Geralmente, o objectivo do trabalho é baseado em diversos factores, inclusivamente no significado histórico do interior do edifício, no grau de danos ou de degradação da “compo”, e nos objectivos interpretativos globais da execução da obra. Apresentam-se de seguida diversos exemplos de reparação e de substituição destinados a sugerirem objectivos de trabalho típicos incluídos em obras de preservação e de restauro. Os tratamentos são apresentados por ordem hierárquica, desde a menor intervenção até à maior.
Remoção de tinta. Geralmente, a ornamentação interior foi pintada muitas vezes, ao longo da sua vida e, em consequência, os pormenores superficiais nítidos do padrão original ficaram obscurecidos. Antes de se tentar remover a tinta, é sempre aconselhável obter-se uma opinião profissional sobre o material ornamental que vai ser limpo, assim como sobre a natureza dos revestimentos que a recobrem. E seja qual for o objectivo da obra, deve ser preservado pelo menos um exemplo intacto e bem aderente das camadas de tintas sobre um elemento, para futuras investigações históricas.
Baseado no objectivo do tratamento, há algumas perguntas que um conservador coloca, por rotina. Quantas camadas de tinta existem? Será importante assinalar-se uma dessas camadas em relacionamento com uma particular ocupação do edifício? Se assim for, a estratigrafia (ou esquema de camadas) terá que ser determinada antes da remoção da tinta. Depois de ter sido identificada a camada correcta, a cor pode ser afinada. Ou então, o edifício está a ser reabilitado? Se for esse o caso, podem ser apropriadas tintas de cores típicas da época.
Para os propósitos desta Nota e dos parágrafos de orientação seguintes, assume-se que estão a ser removidas todas as camadas de tinta com o objectivo de se revelar a pormenorização fina dos ornamentos em composição.
O próximo passo é considerarem-se os vários métodos para a remoção de tinta do ornamento sem o danificar, ou sem ficarmos expostos às substâncias perigosas existentes nos decapantes, bem como nas próprias tintas antigas!
Deve-se assinalar, sob o ponto de vista da saúde e da segurança, que a maioria da “compo” do período Federal e Império pretendia imitar o mármore: assim, a altamente tóxica tinta branco-de-chumbo era, de longe, o seu revestimento original mais vulgar.

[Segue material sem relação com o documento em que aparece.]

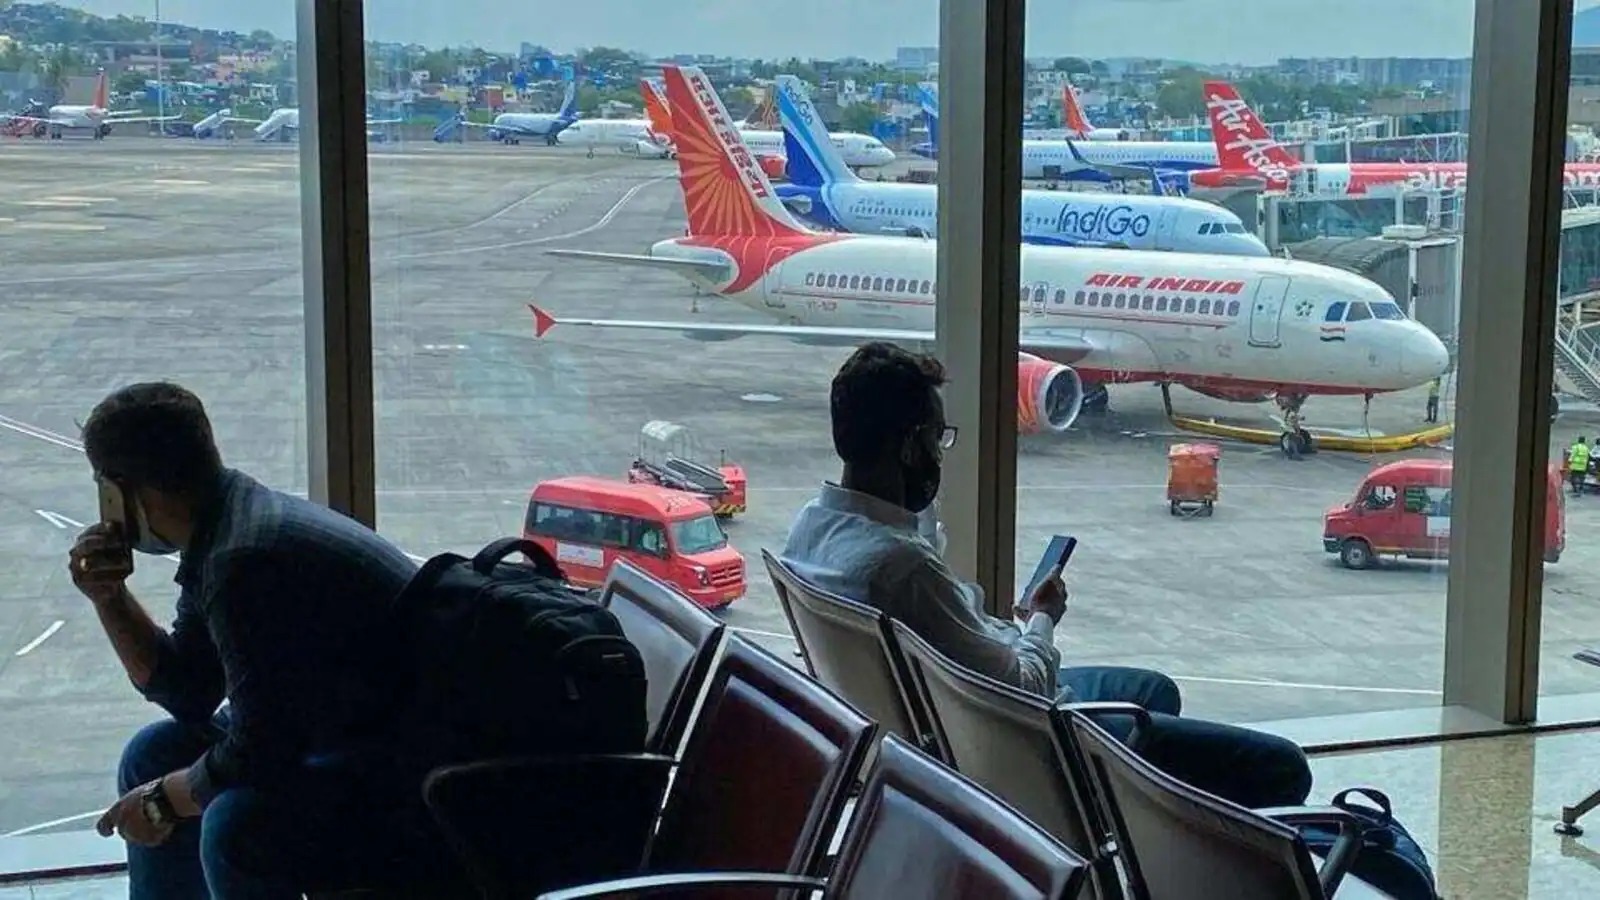 ممبئی ہوائی اڈے پر بِپرجوئے کا اثر، مسافر پریشان

Os decapantes cáusticos à base de soda cáustica devem ser evitados por duas razões.
Primeiro, eles vão quer danificar, quer dissolver a “compo” porque eles “mastigam” a estrutura de proteína da cola e, segundo, porque eles são aquosos e a “compo” é solúvel em água. Se um decapante consegue danificar a proteína das nossas mãos, ele vai fazer o mesmo à “compo”!
Um conservador deverá usar mais habitualmente os solventes orgânicos, tais como o cloreto de metileno, em combinação com pequenas ajudas de uma escova de dentes ou de um instrumento de dentista. (É sempre ensaiada uma pequena área, em primeiro lugar, para se estabelecerem a segurança e a eficácia de qualquer técnica. O uso inadequado de ferramentas de decapar pode Quando este friso em composição decorativa histórica foi erradamente identificado como estuque, e depois tratado com um decapante cáustico, resultou numa secção destruída.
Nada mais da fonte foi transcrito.